A key factor leading to the creation of the project was the problem of what has been referred to as data deluge, where research produces to vast sets of information to the extent that research teams are not able to analyse and process much of it.Kevin Schawinski, previously an astrophysicist at Oxford University and co-founder of Galaxy Zoo, described the problem that led to Galaxy Zoo's creation when he was set the task of classifying the morphology of more than 900,000 galaxies by eye that had been imaged by the Sloan Digital Sky Survey at the Apache Point Observatory in New Mexico, USA. "I classified 50,000 galaxies myself in a week, it was mind-numbing."Chris Lintott, also a co-founder of the project, stated: "In many parts of science, we're not constrained by what data we can get, we're constrained by what we can do with the data we have. Citizen science is a very powerful way of solving that problem."

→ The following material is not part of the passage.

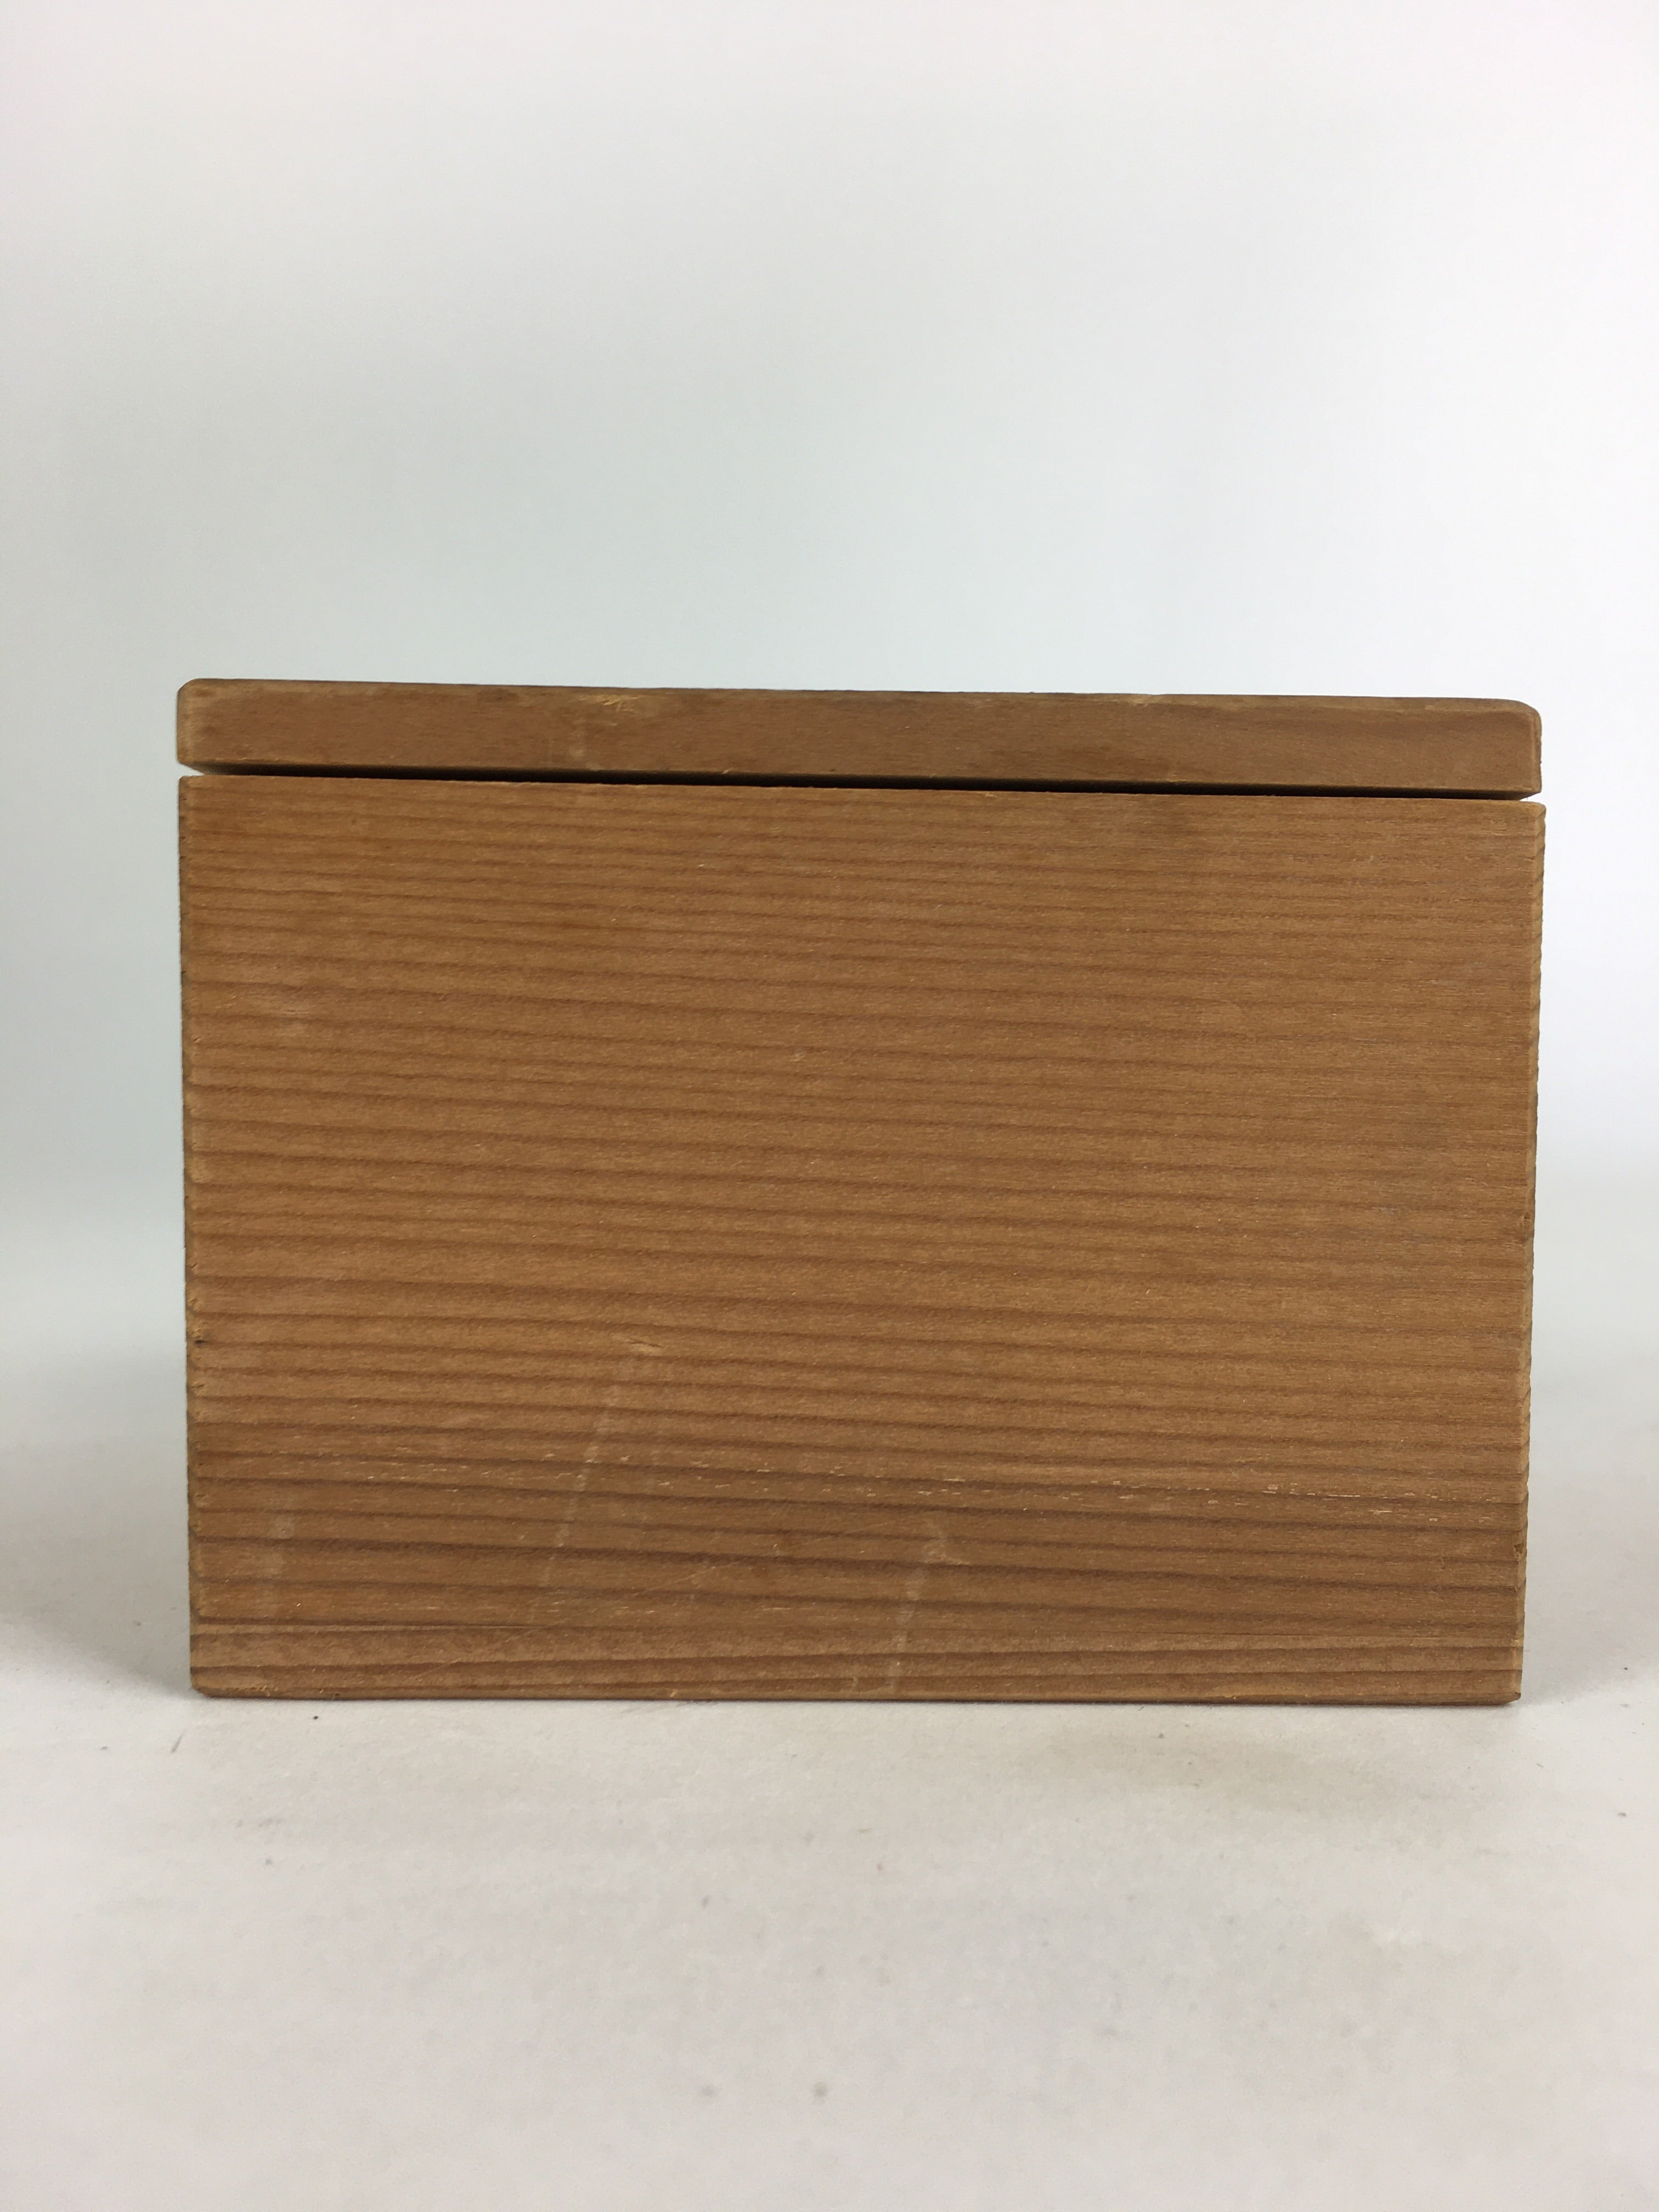 Japanese Wooden Storage Box Vtg Pottery Hako Inside 8.0x8.0x5.8cm WB930

The Galaxy Zoo concept was inspired by others such as Stardust@home, where the public was asked by NASA to search images obtained from a mission to a comet for interstellar dust impacts. Unlike earlier internet-based citizen science projects such as SETI@home, which used spare computer processing power to analyse data (also known as distributed or volunteer computing), Stardust@home involved the active participation of human volunteers to complete the research task. In August 2014, the Stardust team reported the discovery of first potential interstellar space particles after citizen scientists had looked through more than a million images.